We observe below that the predicted Lake Level Change follows the structure well, but again the size of the peak/troughs are wrong. From the feature importance chart see that the prior day's Lake Level Change is the most important driver.

In [None]:
linearModel('Lake_Level_Change', ['Total_Rain_Fall-2', 'Temperature_Le_Croci', 'Flow_Rate-1', 'Lake_Level_Change-1', 'Lake_Level-1'], fromDate='2016')

## Conclusion
The best linear model has 
- Temperature, which in practice will be a forecast
- Yesterday's Flow_Rate, Lake_Level_Change and Lake_Level
- Day -2 Total Rainfall
- Removes training data prior to 2016

This model has a 24% lower MAE than the baseline.
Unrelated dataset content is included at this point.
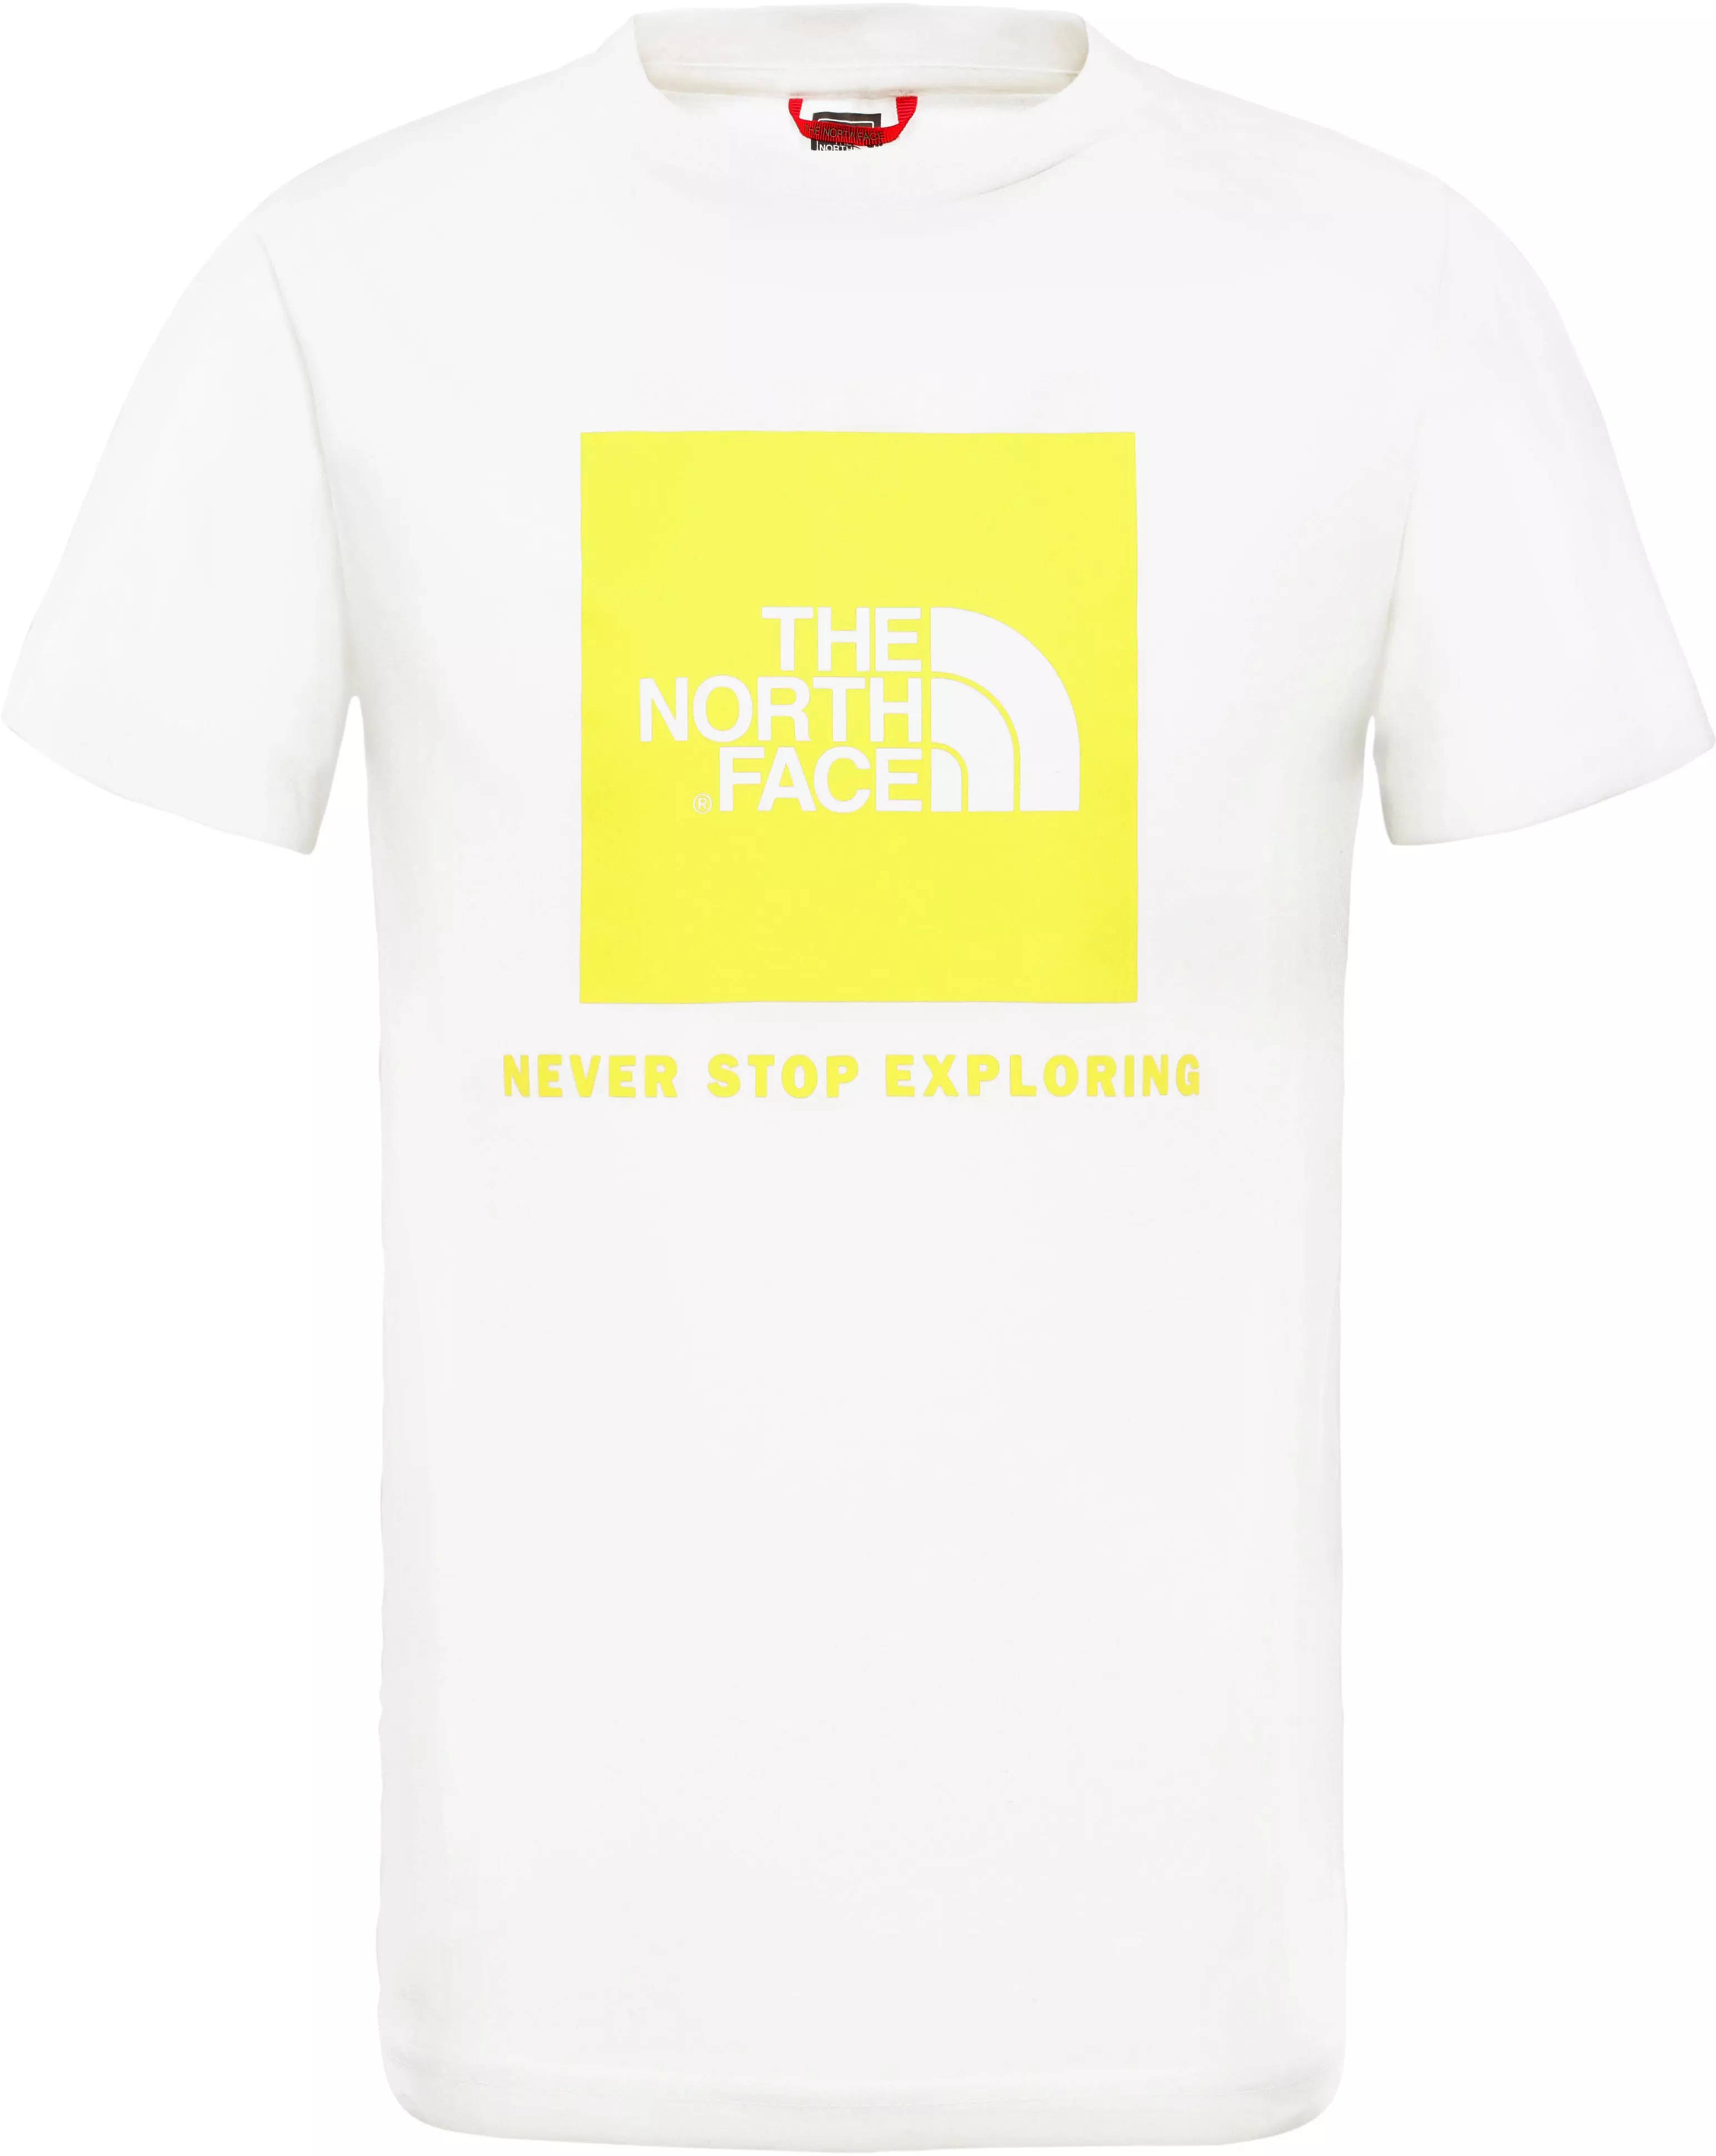 The North Face Youth Box T Shirt Kinder Tnf White Tnf Lemon Im Online Shop Von Sportscheck Kaufen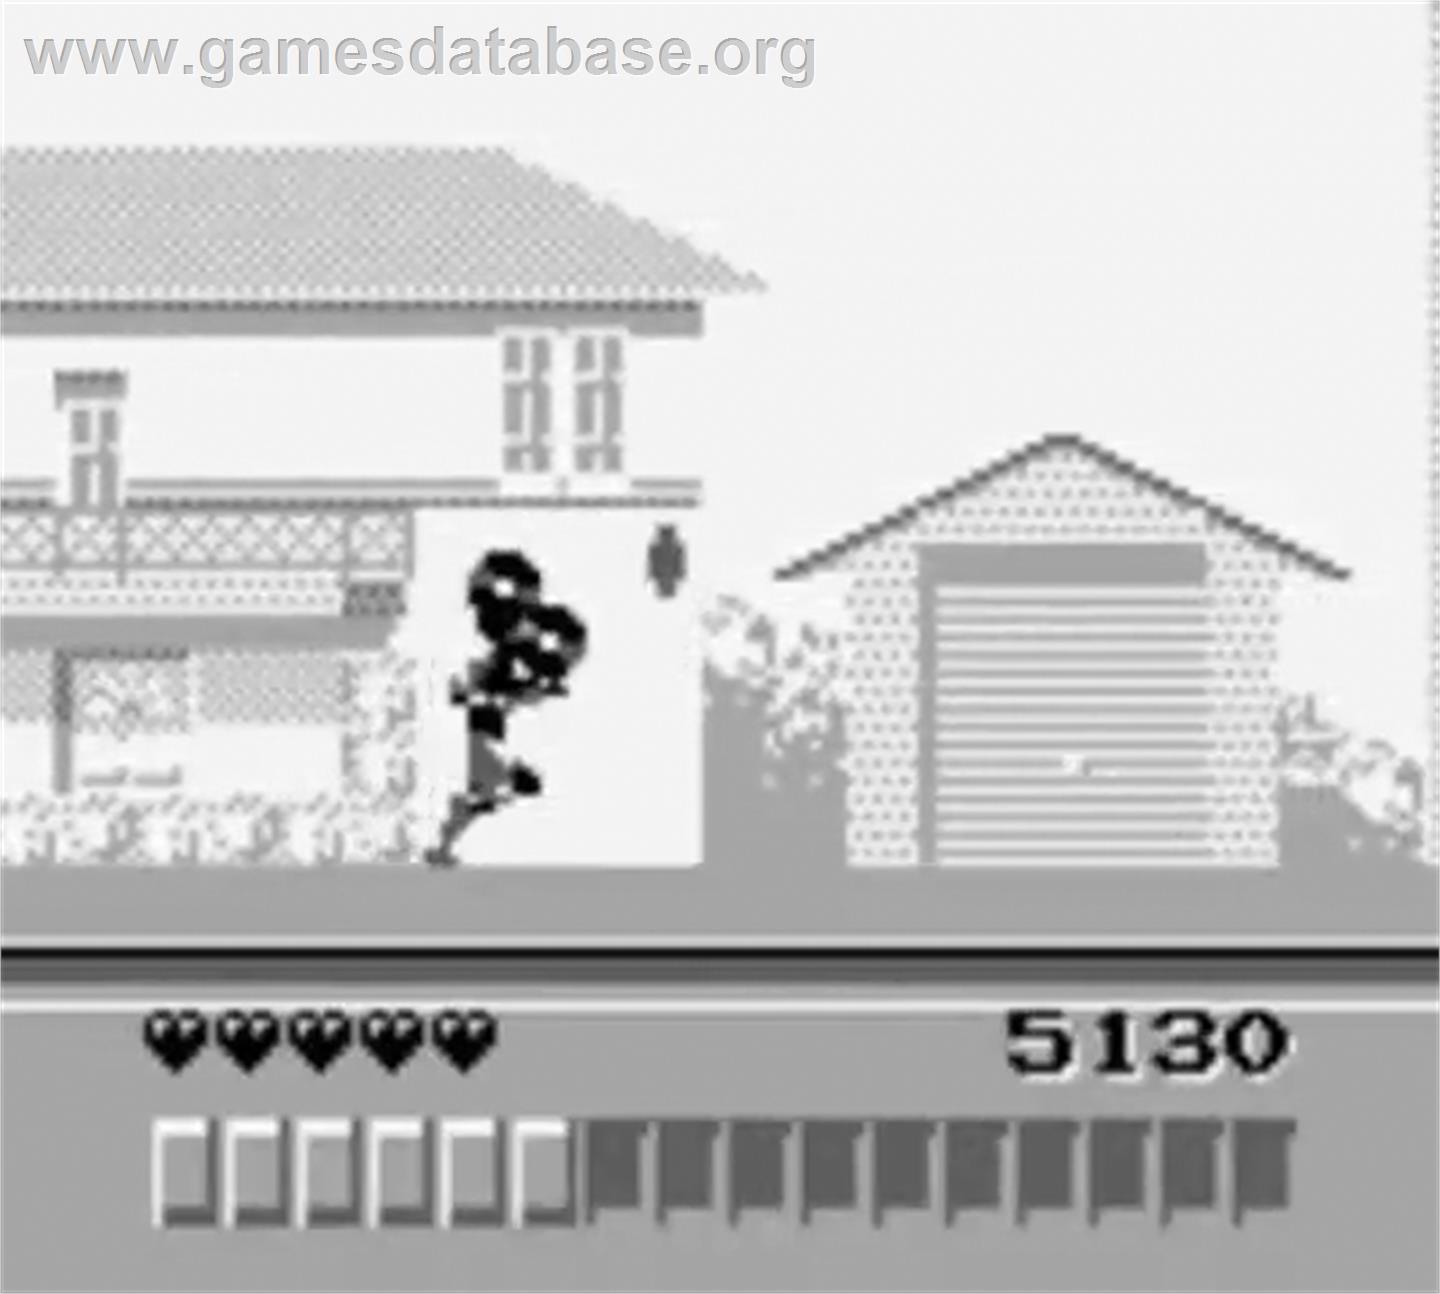 Lawnmower Man - Nintendo Game Boy - Artwork - In Game

A key concern is we only forecast the next day's results based on today's known numbers, i.e., one step forecast. It is likely that a multi-step forecast is required, which is possible, however as the model uses lagged data involving the targets, forecasting errors will compound. Furthermore, we would need to forecast rain falls and temperatures. 

## Non Linear model
We performed the same set of experiments using XGBoost, which is one of the leading tree based models. We that for the same features this returned better (lower) MAE and also benefited from rationalising the features to just 'Total_Rain_Fall-2', 'Temperature_Le_Croci', 'Flow_Rate-1', 'Lake_Level_Change-1', 'Lake_Level-1', while eliminating training date prior to 2016. As can be seen below this does as good a job of matching the timing of the peak/troughs and a better job of estimating the magnitude. As a result the MAE is 0.03046 with is 31% better than the baseline and 10% better than the best linear model

In [None]:
import xgboost as xgb

def XGBModel(target, features, fromDate = '2004-01-02'):
    train = dfs["Lake_Bilancino"][fromDate : '2018']
    test  = dfs["Lake_Bilancino"]['2019':'2020']
    model = xgb.XGBRegressor().fit(train[features], train[target])
    pred = model.predict(test[features])
    gs = gridspec.GridSpec(1, 2, width_ratios=[3, 1]) 
    ax0 = plt.subplot(gs[0])
    ax1 = plt.subplot(gs[1])
    score(target, test[target], pred, ax0)
    xgb.plot_importance(model, grid=False, ax=ax1,  show_values=False)
    plt.tight_layout();

In [None]:
XGBModel('Lake_Level_Change', ['Total_Rain_Fall-2', 'Temperature_Le_Croci', 'Flow_Rate-1', 'Lake_Level_Change-1', 'Lake_Level-1'], fromDate='2016')

# Flow Rate
After some experimenation with features and type of model we found XGB with just 'Total_Rain_Fall-2', 'Flow_Rate-1', 'Lake_Level-1' provided the lowest MAE (0.44292) however this is 14% higher than the baseline model of using yesterday's Flow Rate (MAE 0.38995). This explains why the Lake Level models using Flow_Rate-1 work as well as thouse using the actual Flow-Rate-1 

In [None]:
score('Flow_Rate', test['Flow_Rate'], test['Flow_Rate-1'], title="Yesterday's Flow_Rate");

In [None]:
XGBModel('Flow_Rate',['Total_Rain_Fall-2', 'Flow_Rate-1', 'Lake_Level-1'], fromDate='2016')

# Conclusion
The non-linear model (XBBoost) for Lake Level Chave make the best predictions with an MAE of 0.03046. This is 31% better than the baseline and 10% better than the best linear model. This model is a single step forecast, i.e., "tomrrows" Lake Level.

The modeling of he Flow Rate found that a simple baseline model of using yesterday's Flow Rate had the lowest MAE.